We recently commenced delivery of digital dictation products that we developed
under contract for Lanier Worldwide, Inc. ("Lanier"). Shipments of the products,
known as "Cquence Mobile," are pursuant to our agreement with Lanier signed in
1997, and which expires at the end of December 2001. On April 27, 2000, Lanier
announced that it intends to sell its voice processing (dictation) business
which, we are informed, would include the Cquence Mobile line. Details of the
transaction, including the identity of the potential buyer or buyers and the
time frame for the transaction, are not known at this time. We do not know the
impact, if any, that any such transaction, if consummated, would have on future
orders under the Lanier agreement. Subsequent to June 30, 2000, we delivered to
Lanier approximately $800,000 of product to be reflected in the second fiscal
2001quarter. The loss of a customer could have a material adverse impact on our
results of operations.

We recently developed a reference design for a portable, Internet music player.
In January 2000, we licensed our design and technology to Maycom Company, Ltd.
("Maycom"), a turnkey manufacturer of digital audio and radio communication
products. Maycom has announced its intentions to incorporate our technology into
a portable, Internet music player scheduled to be introduced to the consumer
market in summer 2000. In addition, Maycom has incorporated our technology into
a portable Internet music player design being marketed to third party OEM
customers and/or licensees by both Maycom and our marketing personnel. It is
anticipated that any such OEM products would be manufactured by Maycom.
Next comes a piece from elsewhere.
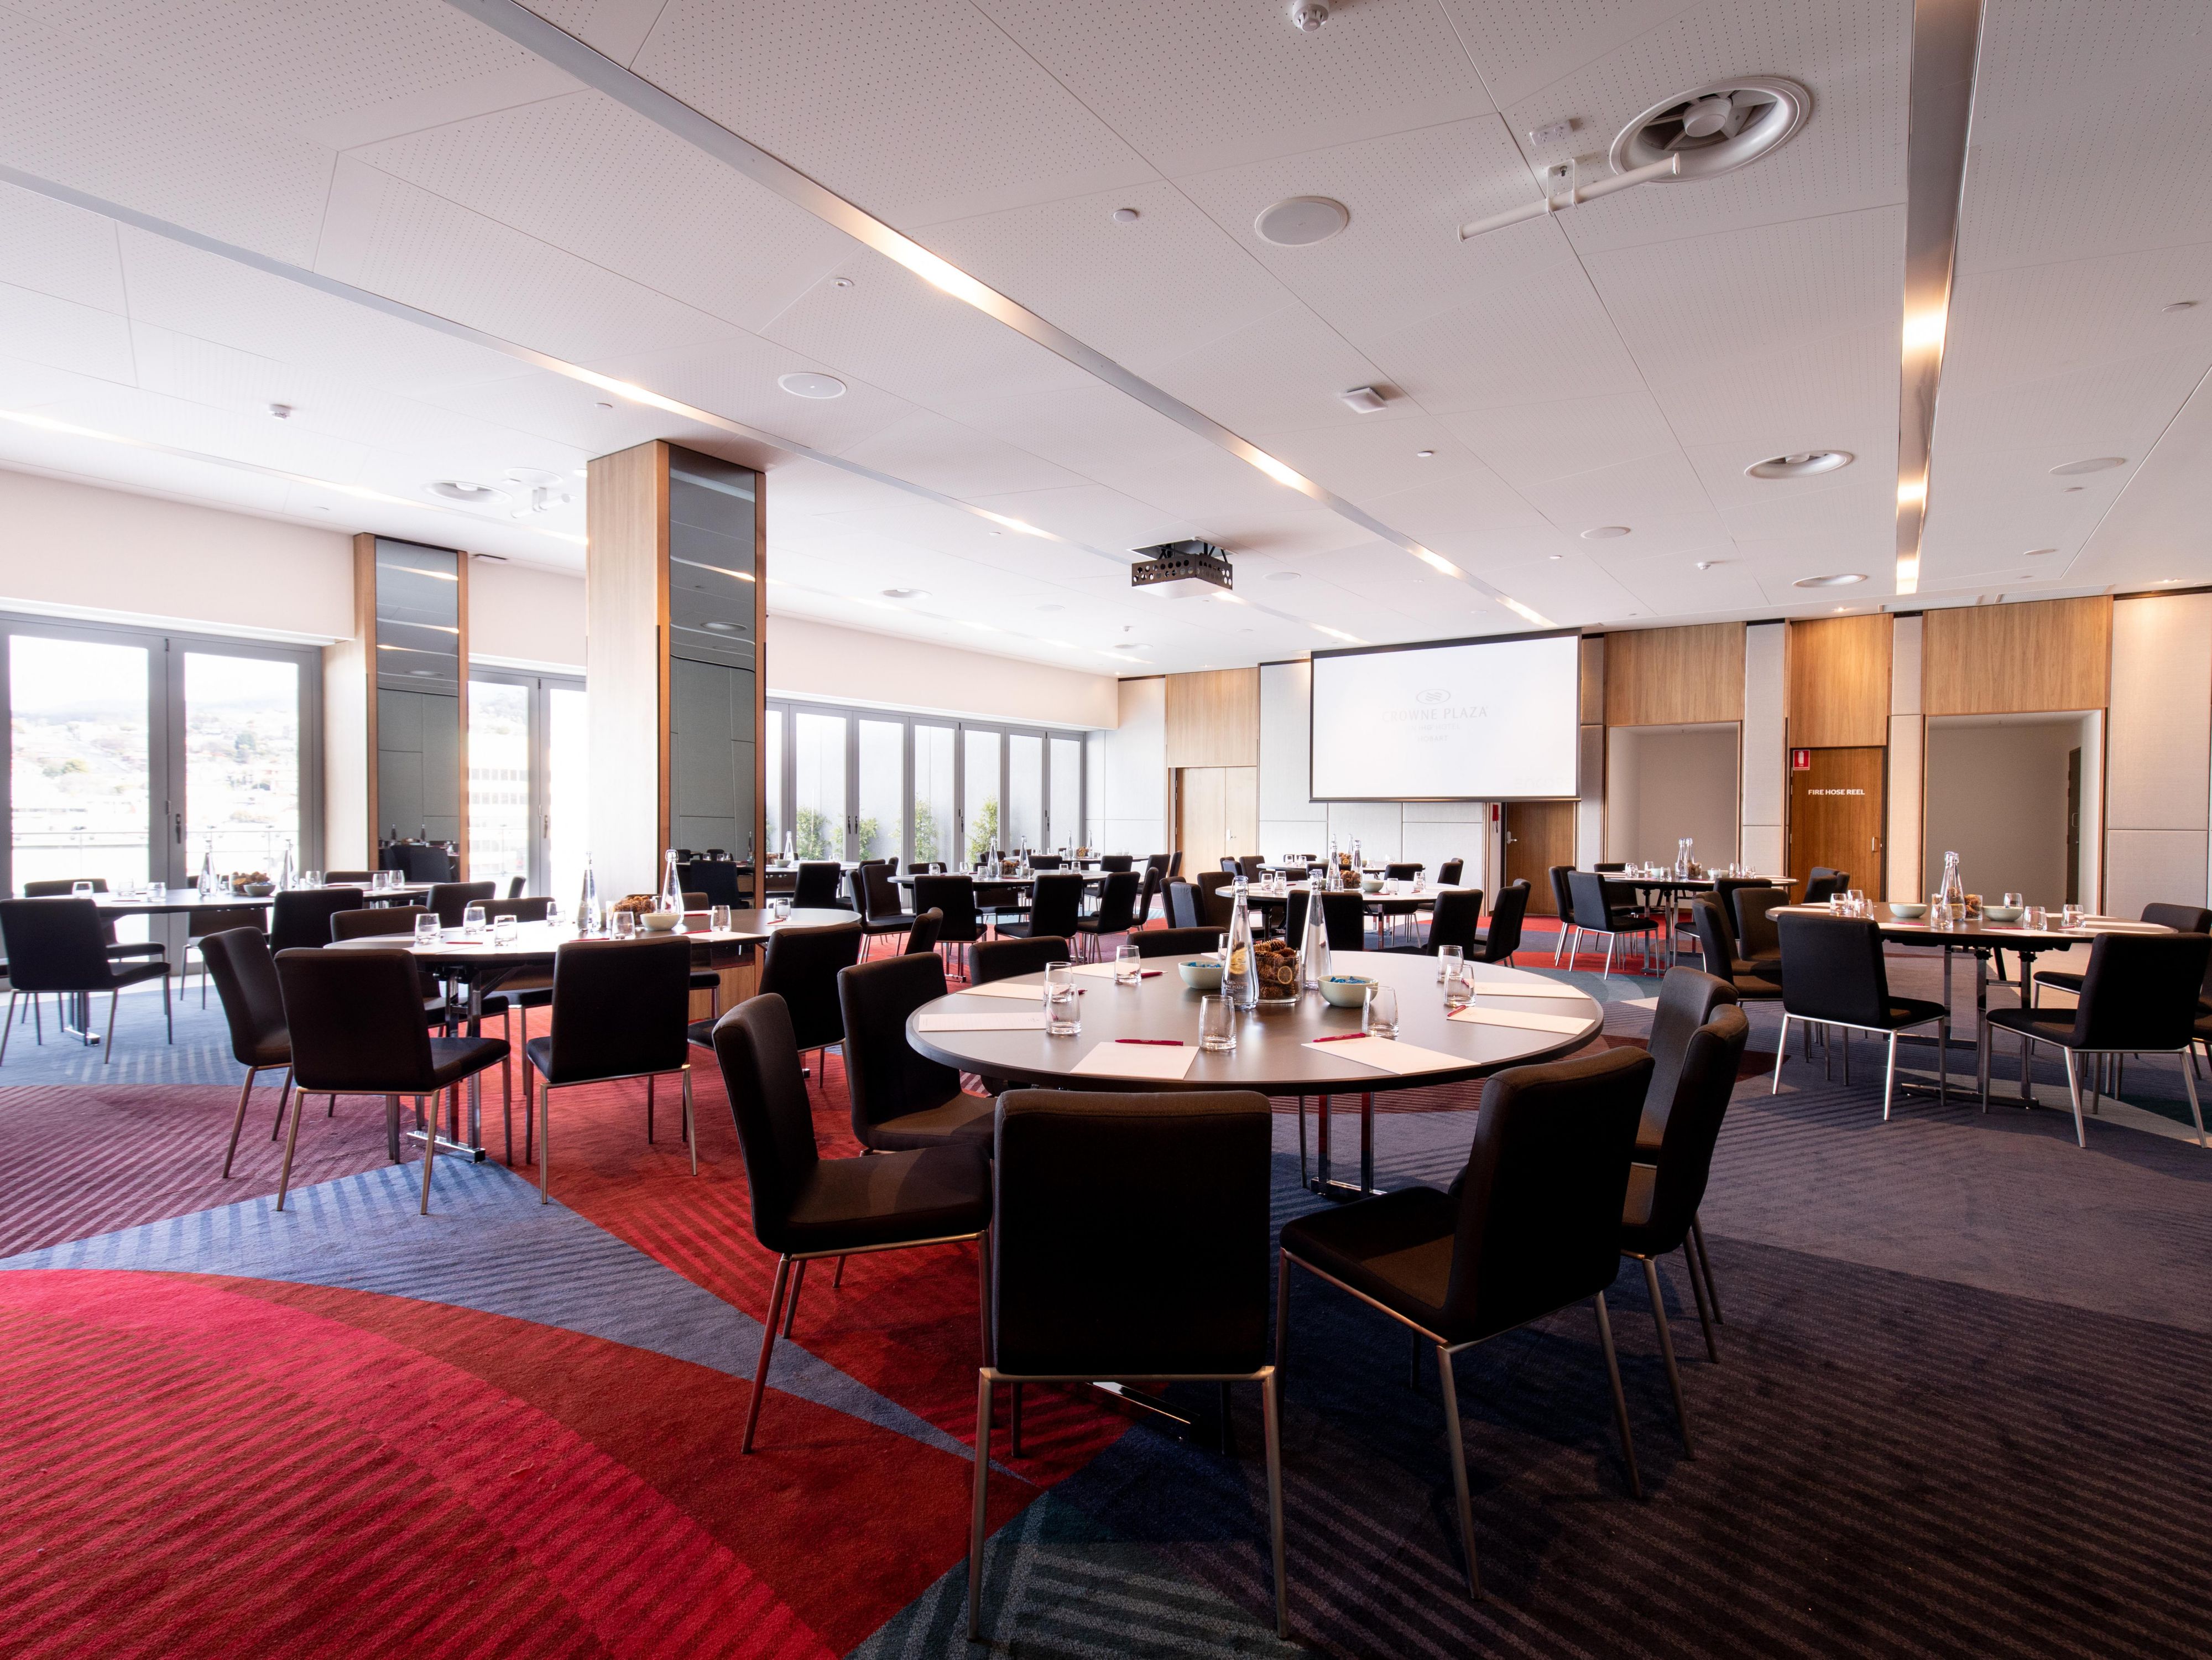 Crowne Plaza Hobart is the perfect hub for corporate or social events. We understand that the conference hall is not your destination; it's your starting point. Our spaces include a ballroom that comfortably fits 30 round tables with a stage or 500 people with theatre setting. Featuring unique spaces such as The Deck and our outdoor courtyard.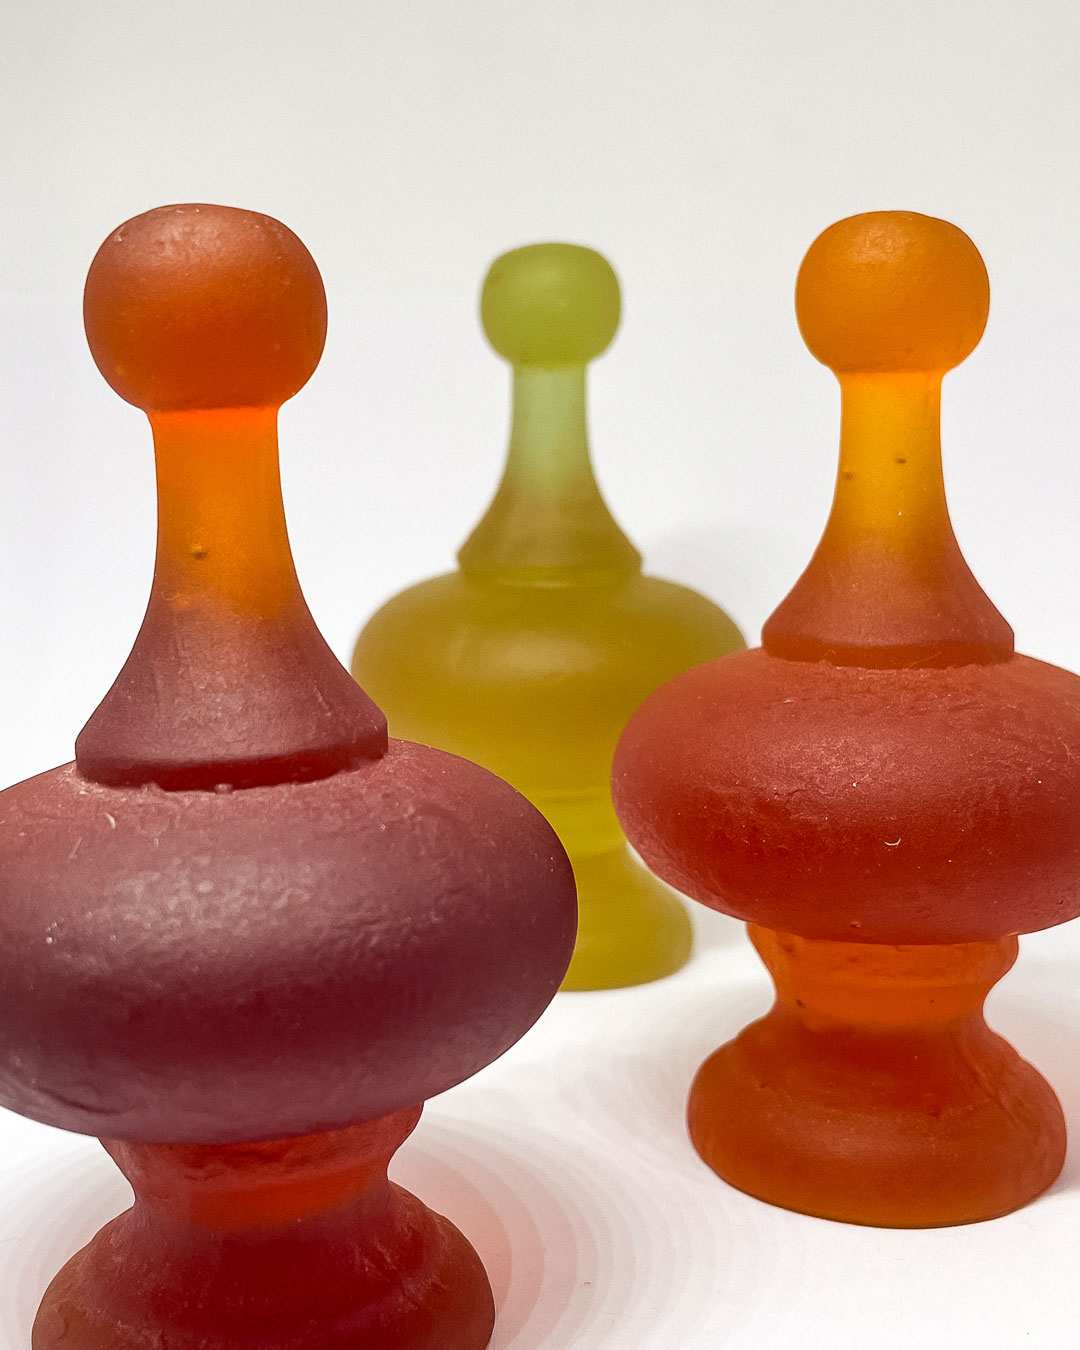 A close up of a group of three cast glass finials in Dark Orange, Orange and Rhubarb. They form wonderful light-filled installations in groups.

We are also developing portable solutions for the emerging mobile enterprise
industry that is implementing voice and voice processing incorporate-wide
environments involving mobile, wireless, and/or desktop technology.

We have incurred operating losses in each of the last three fiscal years and
these losses have been material. We have incurred an operating loss of $2.5
million in 1999 and $2.6 million in fiscal year 2000. Our current level of
monthly cash operating costs is approximately $250,000 per month. However, we
may increase expenditure levels in future periods to support our digital music
business and to support our OEM customers. Accordingly, our losses are expected
to continue until such time as we are able to realize supply, licensing, royalty
and development revenues sufficient to cover the fixed costs of operations. We
continue to be subject to the risks normally associated with any new business
activity, including unforeseeable expenses, delays and complications.
Accordingly, there is no guarantee that we can or will report operating profits
in the future.

RESULTS OF OPERATIONS
For the first three months of fiscal 2001, we reported revenues of $125,072, a
235% increase from revenues of $37,301 for the first three months of fiscal
1999. Product sales increased in the current period due to OEM shipments while
service revenues decreased primarily due to a decline in OEM development
services revenues. For the first quarter of fiscal 2000 there were three
customers who accounted for total revenue and one customer accounted for total
revenue in the first quarter of fiscal 2001. The loss of a customer could have a
material adverse impact on our results of operations.

Revenue for the first three months of fiscal 2001 included product revenue of
$104,042 compared to $15,062 for the prior year's first three months. The
increase is due from our OEM product shipments to Lanier. Product revenue
generated a

                                       10
<PAGE>

gross profit for the three  months  ended June 30, 2000 of $9,954  compared to a
gross profit of $191 for the first three months of fiscal 2000.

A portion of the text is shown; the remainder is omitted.